Megalivro – “Linha do Tempo do Design Gráfico no Brasil” – revê a história de design gráfico no país, do século 19 à era moderna.
Por Laura Macedo (Silas Martí (Folha de São Paulo/Ilustrada))
Desde que as primeiras máquinas de impressão chegaram ao Brasil nos porões da esquadra de dom João 6º, há mais de 200 anos, o design gráfico não parou no país.
Um livro que chega às livrarias há exatos cinco anos documenta pela primeira vez toda a produção de jornais, revistas, capas de livro, discos, marcas e cartazes nos últimos dois séculos.
"Linha do Tempo do Design Gráfico no Brasil" (ed. Cosac Naify) entrega justo isso -uma cronologia alentada do que se fez nessa esfera por ilustradores como J. Carlos (1884-1950) e artistas como Di Cavalcanti (1897-1976) e Lasar Segall (1891-1957).
Nos dez capítulos do livro, há trabalhos que vão da primeira década do século 19 ao final do século passado, da era da impressão de chumbo à era dos computadores e montagens fotográficas.
"Esse livro muda um pouco a perspectiva", diz Elaine Ramos, uma das organizadoras do volume. "Ajuda a desmistificar a noção de design."

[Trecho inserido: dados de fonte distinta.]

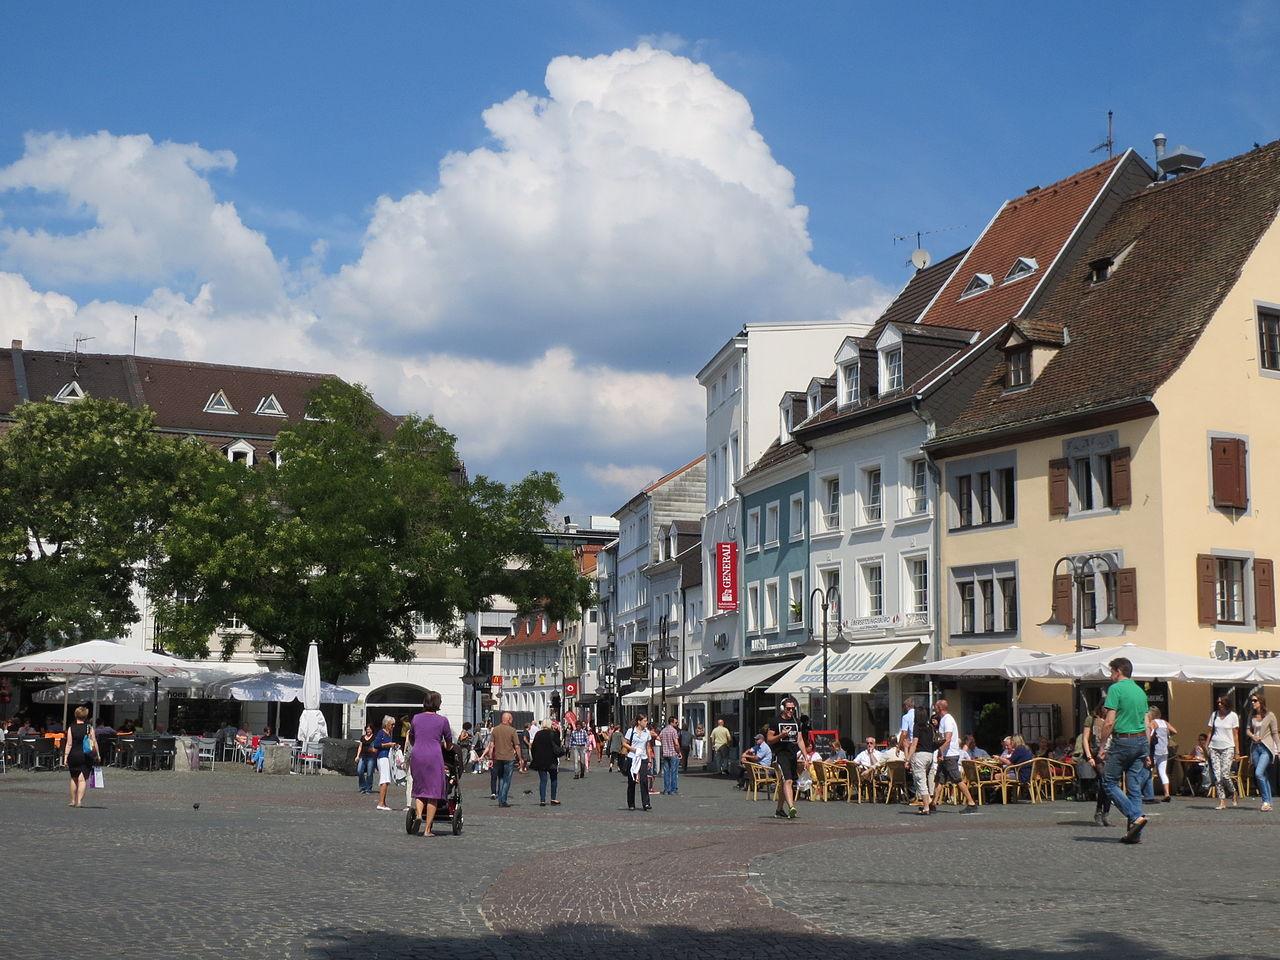 20130829St Johanner Markt.jpg

Isso porque, na amplidão da pesquisa, a linguagem modernista e construtiva dos anos 50, até hoje tida como sinônimo da produção gráfica no país, fica reservada a seu contexto histórico, cedendo espaço a manifestações de outras vertentes até hoje quase despercebidas.
ALÉM DO MODERNO
"Tem coisas lindas, de encher os olhos, que eram design no sentido estrito do termo", diz Chico Homem de Melo, outro organizador do livro. "Embora a linhagem modernista tenha obras de grande envergadura, ela dificultou que a gente olhasse para outras coisas, foi um dos efeitos colaterais dessa espécie de hegemonia moderna."
Fora dessa chave construtiva, está uma produção alinhada com o pensamento gráfico mais sofisticado dos anos 20, em que art nouveau e art déco tomaram Europa e Estados Unidos de assalto.
"Para Todos", "O Malho", "Pr'a Você", "O Arlequim", "Sports" e "Revista da Cidade" são fortes exemplos de publicações em sintonia com a escola estética que despontou na belle époque e nos chamados anos loucos de Paris, no começo do século 20.
Mas, mesmo mergulhadas numa roupagem europeia, as revistas brasileiras da época mantiveram um padrão gráfico considerado sem igual, imortalizado pelas melindrosas de J. Carlos estampadas nas capas, surfando ondas gigantes ou mergulhando em turbilhões lisérgicos de cores.
"É impressionante pegar uma revista como a 'Para Todos' nas mãos", diz Homem de Melo. "Foi um título revolucionário e muito inovador."
Do mesmo J. Carlos que estava por trás da "Para Todos", "O Malho" lançou moda já na virada para o século 20 com uma identidade visual mutante, que fazia de cada edição um exemplar diferente do anterior, com jogos cromáticos e ilustrações ousadas.
Numa delas, em pegada metalinguística, um ilustrador aparece na capa desenhando aquela mesma edição. Noutra, um personagem segura a publicação com seu próprio rosto na capa.
Depois de um hiato criativo nos anos 40, assombrados pela Segunda Guerra, a produção gráfica retomou o vigor com a linguagem construtivista dos anos 50 e na explosão desse repertório com a contracultura dos 60 e 70.
Foi a época de revistas como "Senhor" e "Realidade", a primeira dominada pelo experimentalismo dos artistas Carlos Scliar (1920-2001) e Glauco Rodrigues (1929-2004); a segunda, uma ponte para a produção gráfica moderna, num sofisticado arranjo de textos e fotografias.
Homem de Melo vê nesses trabalhos o germe do que se produz no design gráfico do país hoje, peças que sobreviveram aos anos de chumbo da ditadura e à produção mais fraca dos anos 80.
"Esse livro é um megalevantamento", resume o autor. "E não quer comprovar teses ou defender uma ou outra linha do design."